Start of Block

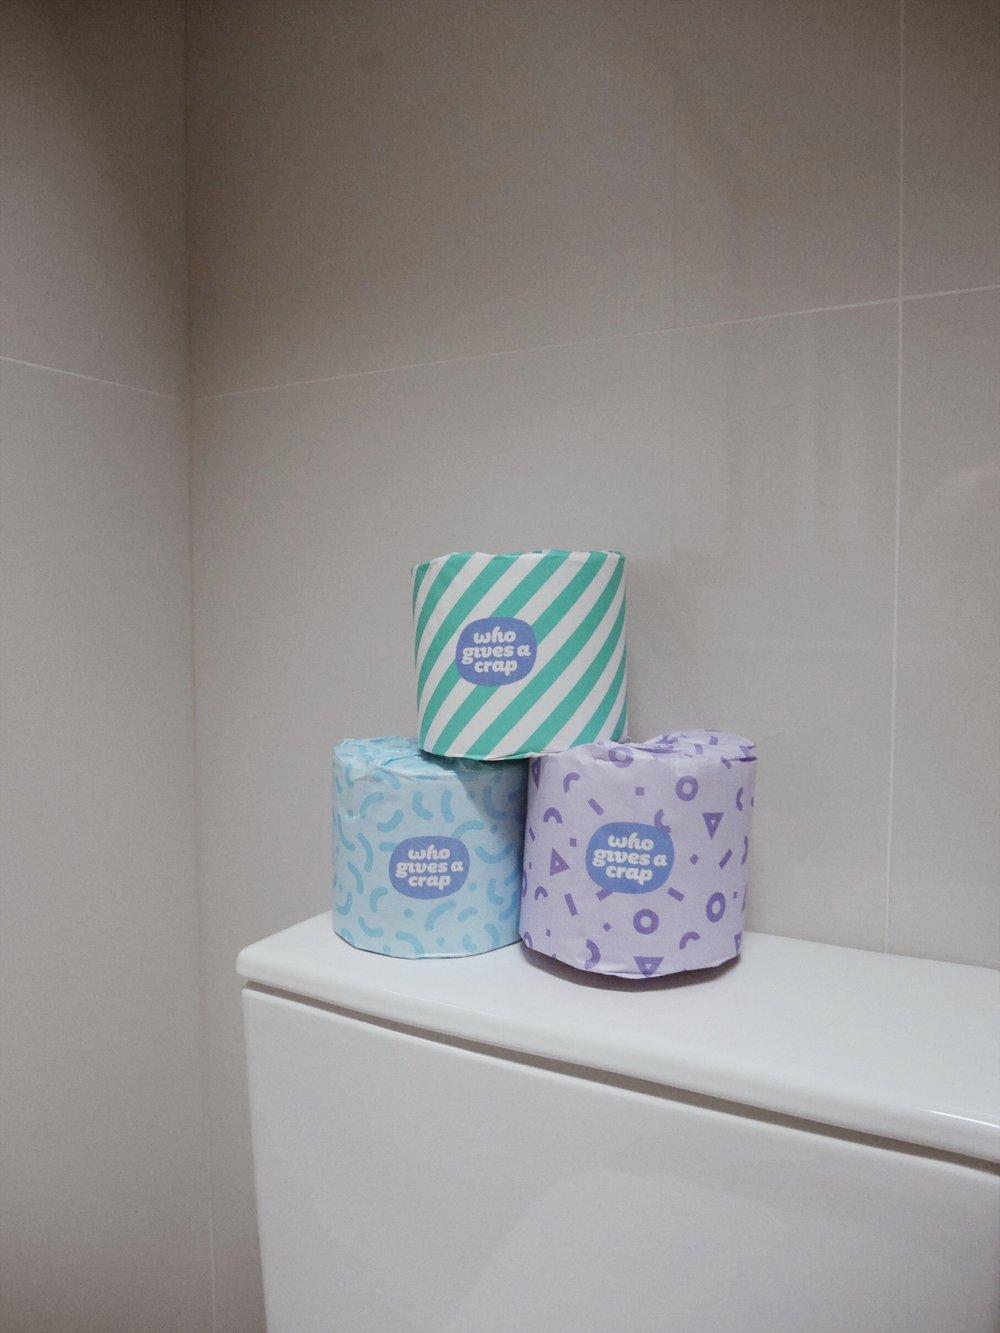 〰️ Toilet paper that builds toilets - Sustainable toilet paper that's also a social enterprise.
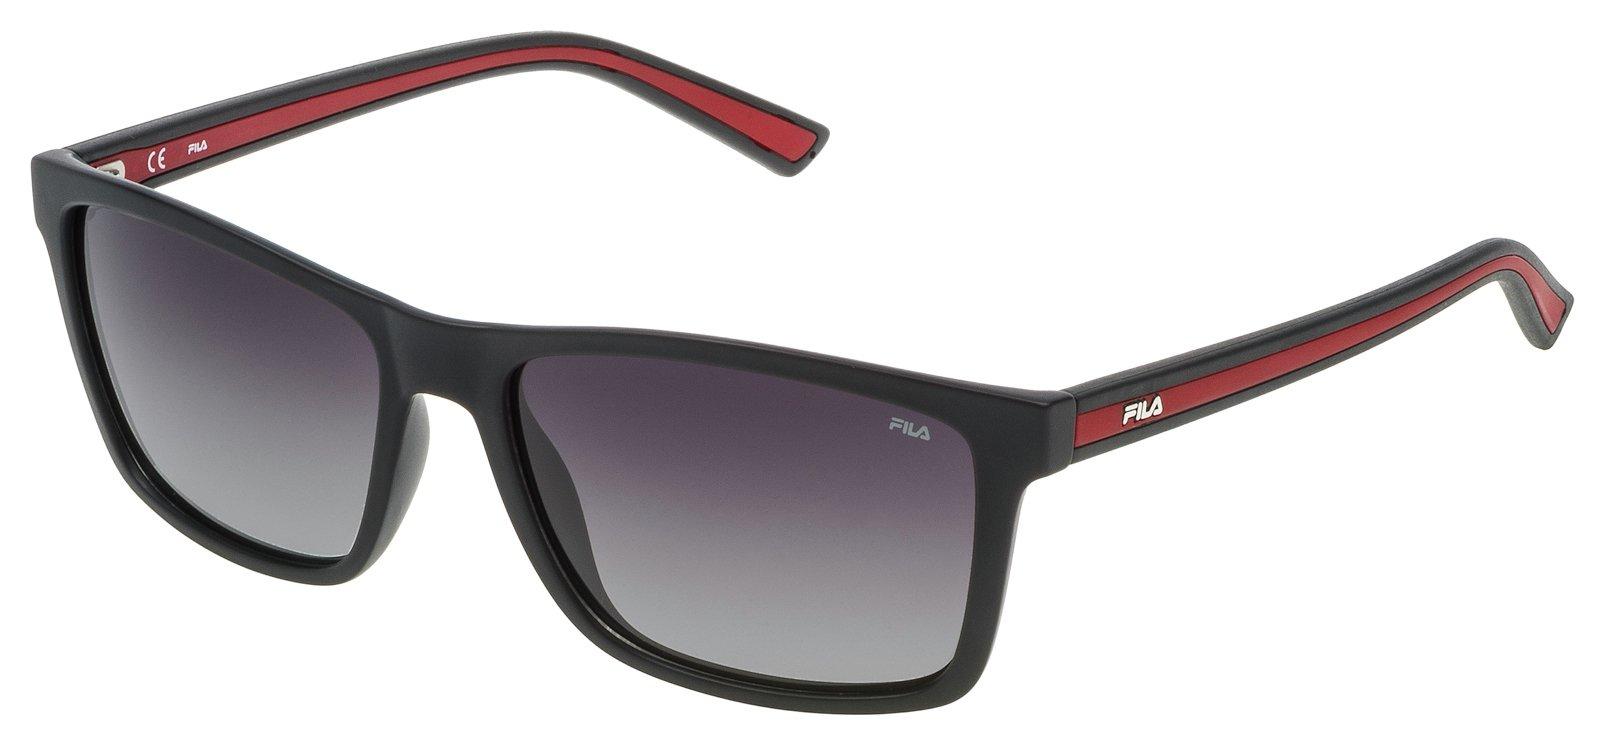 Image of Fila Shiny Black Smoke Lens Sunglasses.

End of Block
Start of Block

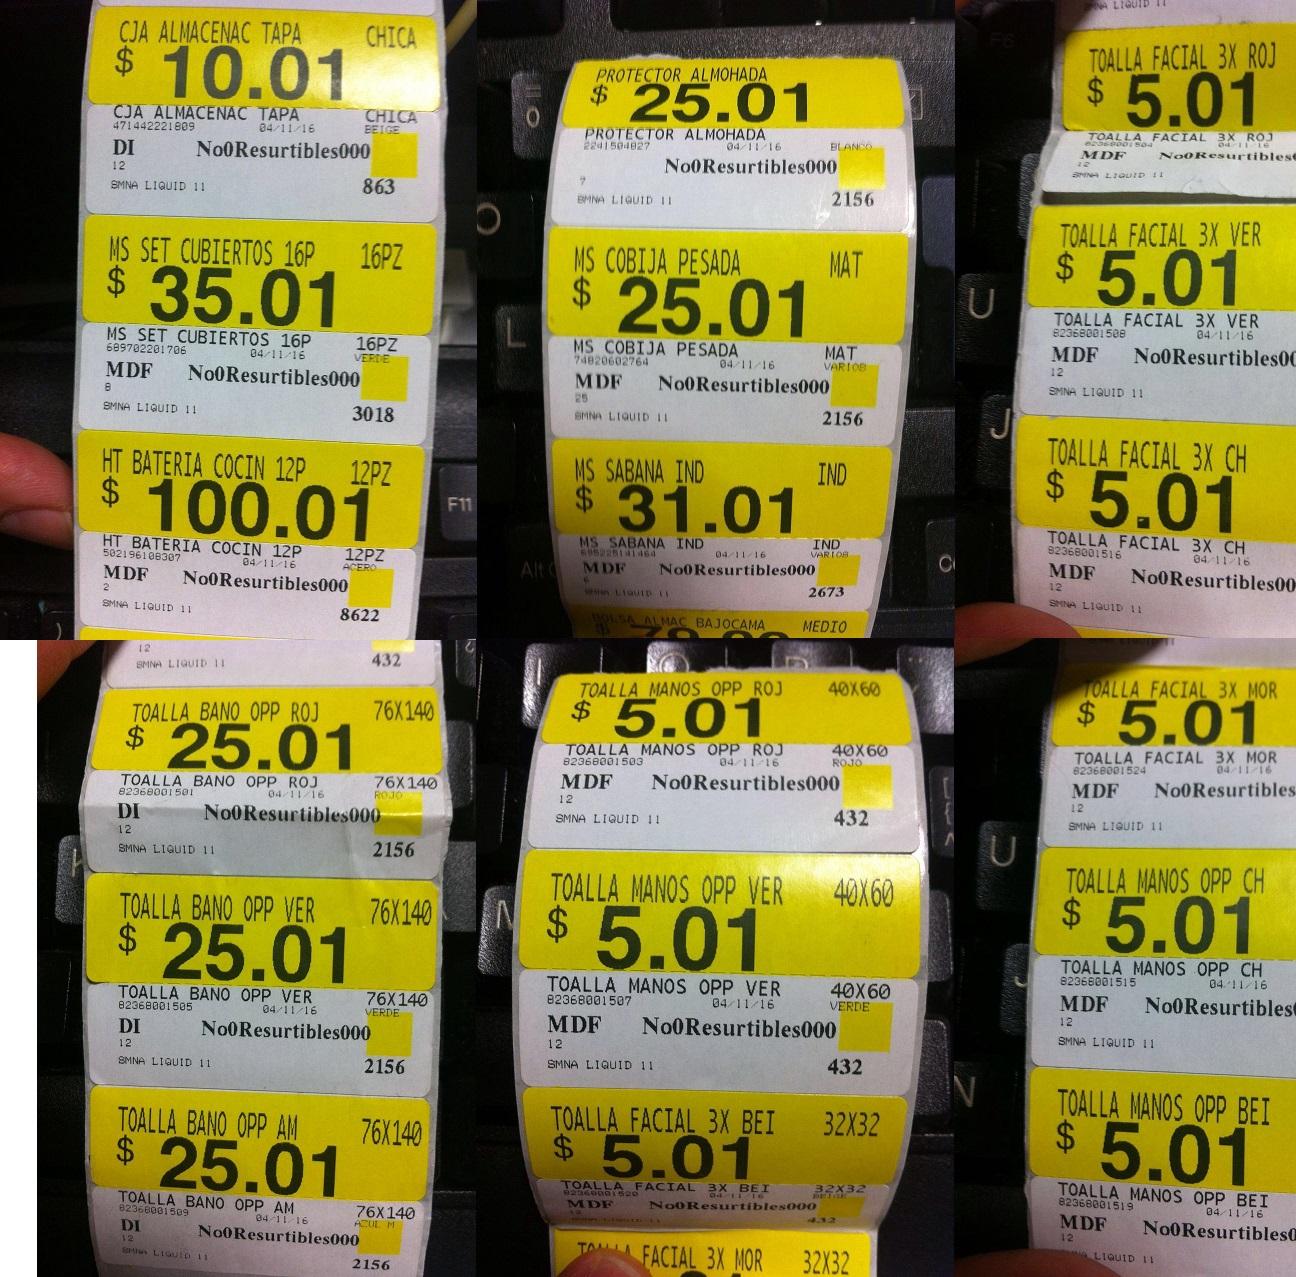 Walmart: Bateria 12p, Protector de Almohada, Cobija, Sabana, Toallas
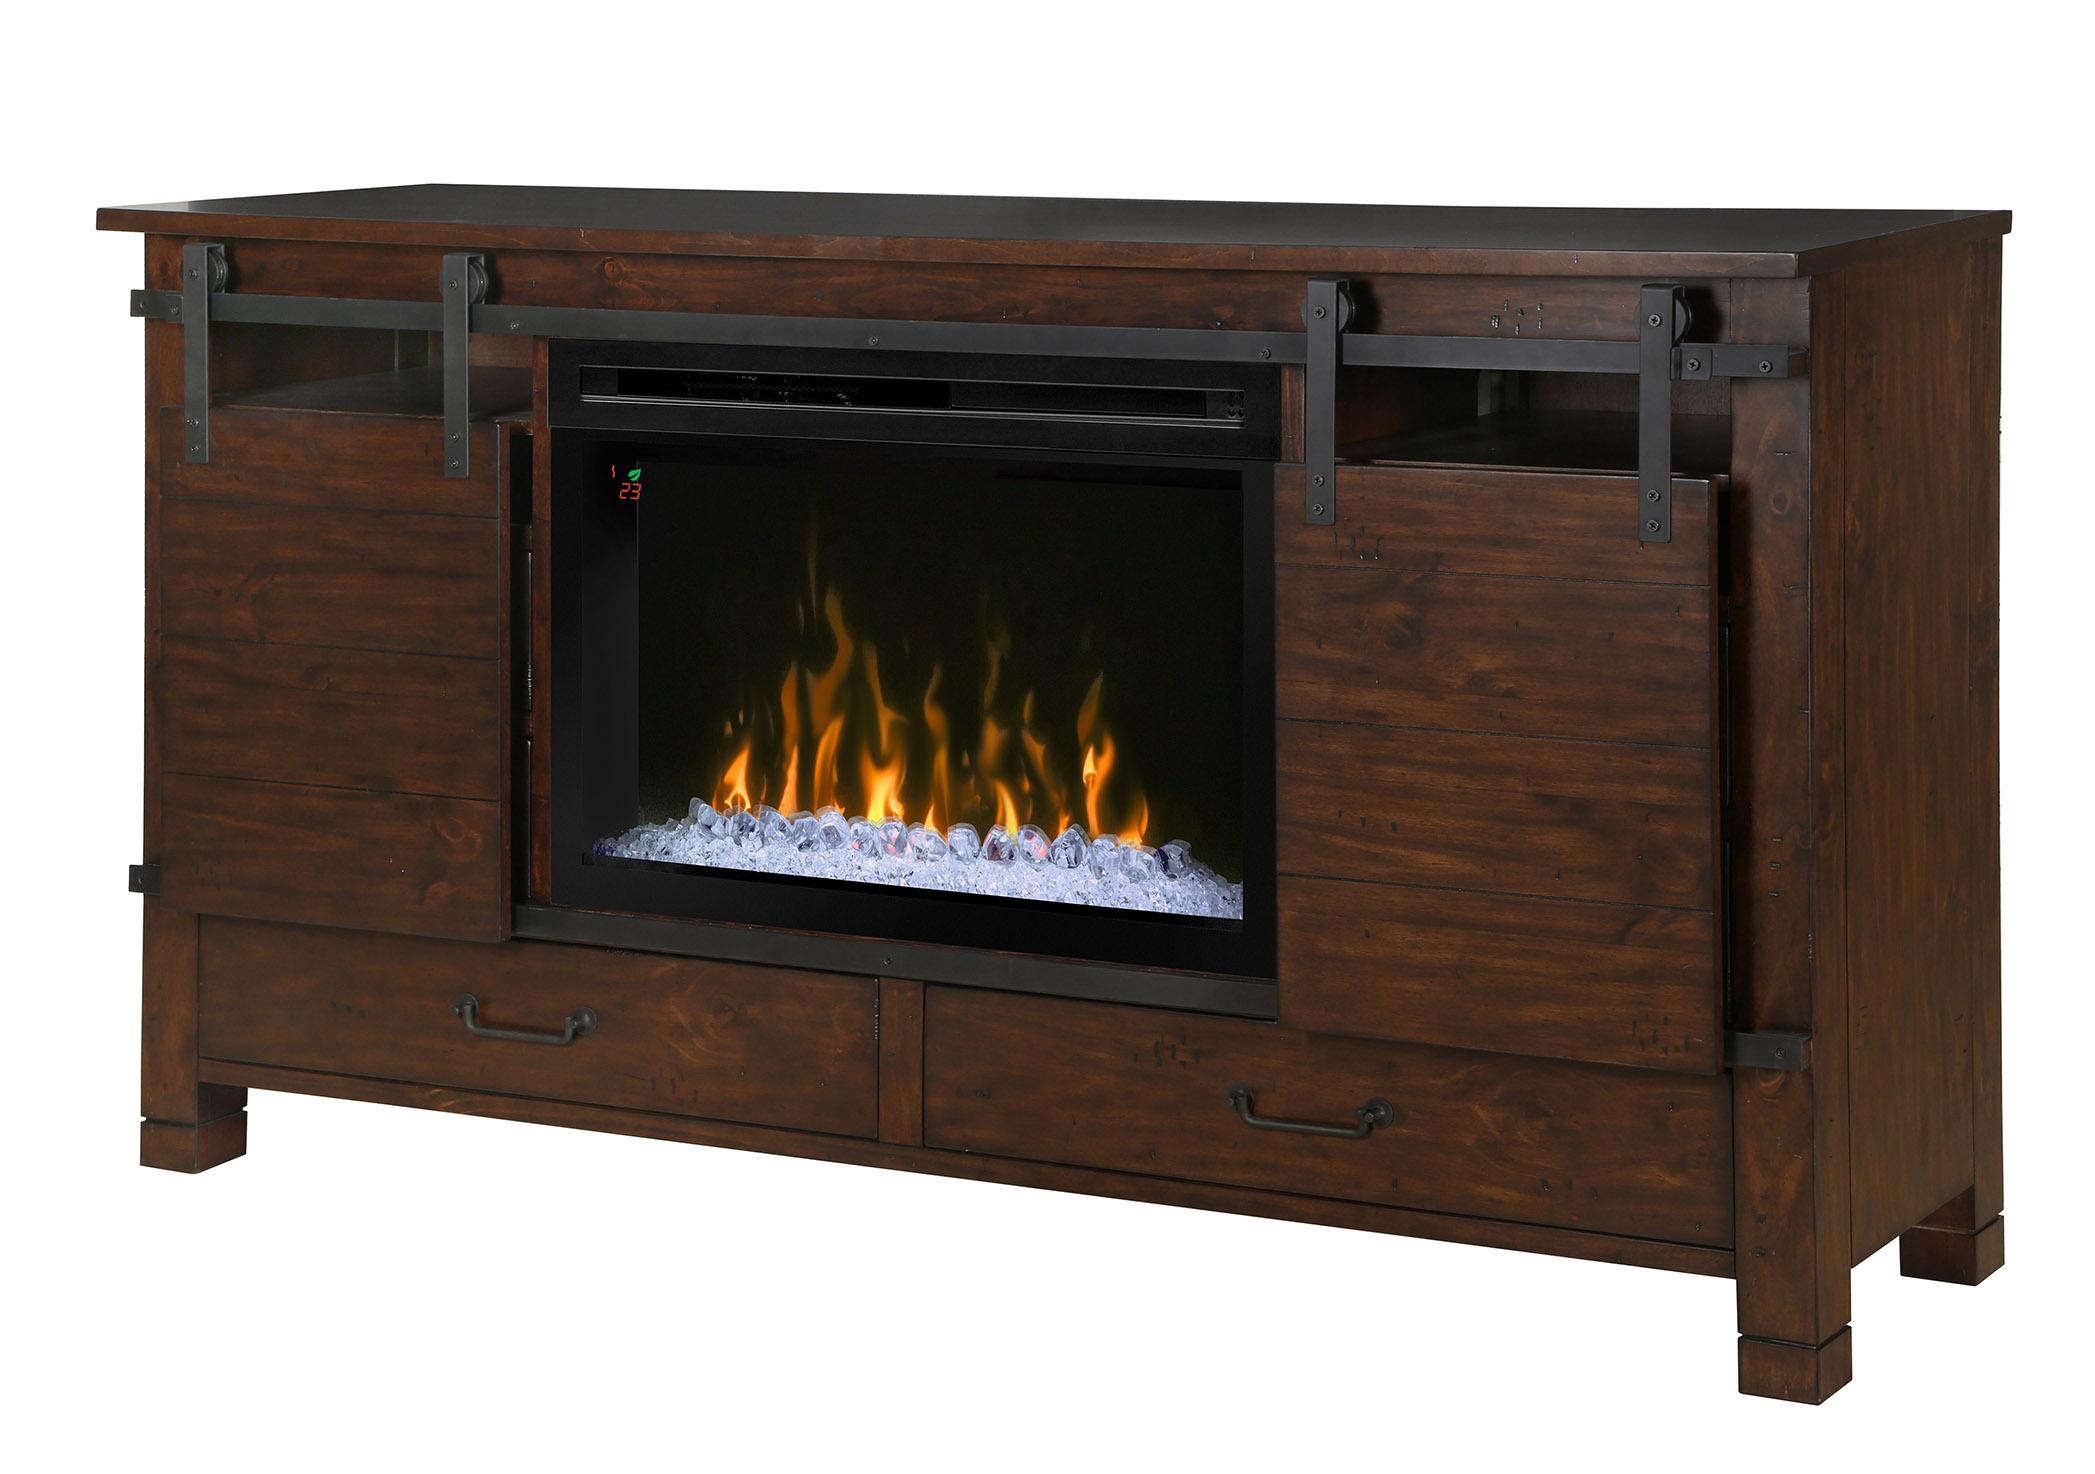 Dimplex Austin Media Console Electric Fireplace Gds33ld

End of Block

**Exercise objective:** What's needed is an exact copy of the lines above from the one with "Walmart: Bateria 12p, Protector" through the one with "Dimplex Austin Media", both included; the pictures stay out.

**Answer section:**
 Walmart: Bateria 12p, Protector de Almohada, Cobija, Sabana, Toallas
 Dimplex Austin Media Console Electric Fireplace Gds33ld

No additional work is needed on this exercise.